No One Ever Says…

Blogger Here. This is a transcript of the reading I did at the DFW conference at ISU this past week:

John Lennon so eloquently sang, ‘Life is what happens when you’re busy making other plans.’ More often than not, ‘life happens’ despite all my plans and preparations. Such was the case here. I planned to present one paper, life happened, and now I am presenting this paper instead. Perhaps, barring any unusual circumstances, I’ll be able to present the original paper next year.

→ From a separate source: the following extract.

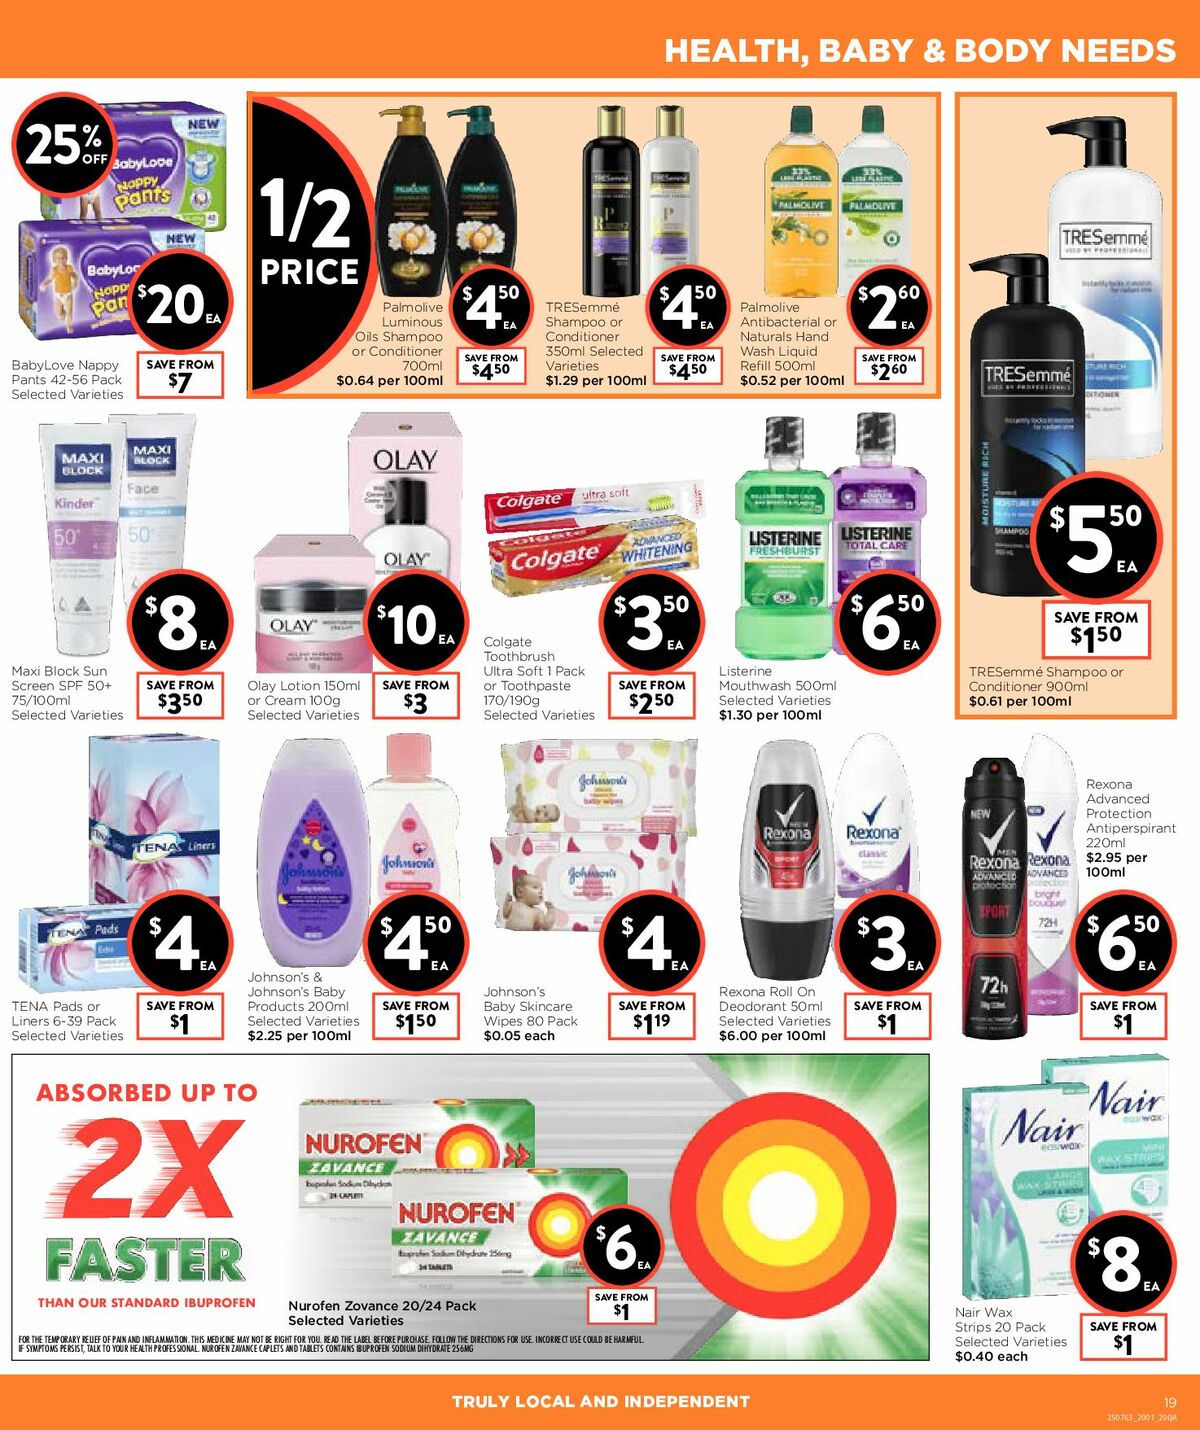 FoodWorks Supermarket Catalogues from 20 January

In a conversation transcribed in the NY Daily News on May 18, 2010, Dave Moore and Bill Manville discuss two reasons why so many artists are drawn into these addicting behaviors. First, art is borne out strong, often negative, emotions. Many artists find illicit substances to be a means of coping and dealing—or escaping from—with those deep-seeded emotions. Second, some artists use those substances as a means of deepening their experience of those strong emotions. Drugs and alcohol can be the catalyst for feeling more deeply and for creating their works of art.

The list of just authors who struggled with addictions is staggeringly long: Stephen King, F Scott Fitzgerald, even our own Saint Dave, to name only a few. But these afflictions are not limited to artistic types, nor are the addictive substances limited to hard drugs and hard drinks. Instances of many media-related addictions have risen in recent years. There are the obvious ones like pornography or online shopping, but there are also less obvious ones like online gaming or social media.

The tangible world, as well as the virtual world, is full of addictive stimuli. And like the artists discussed by Moore and Manville, we find ourselves in the grip of addiction because we are either seeking escape from our world, or a means of enhancing our experience of it.

But to paraphrase what John Lennon sang, ‘Addictions are what sometimes happen when you’re busy making other plans.’ No one drinks that beer or smokes that joint or logs onto the Internet with the intention of becoming addicted. We turn to these things looking for something else, only to find ourselves in the grip of addiction. And such was the case in my story…

I’m sure you remember them, all those “Partnership for a Drug-Free America” commercials from the mid-80s. They were a staple of the afterschool television diet of my entire generation. Who could ever forget those taglines?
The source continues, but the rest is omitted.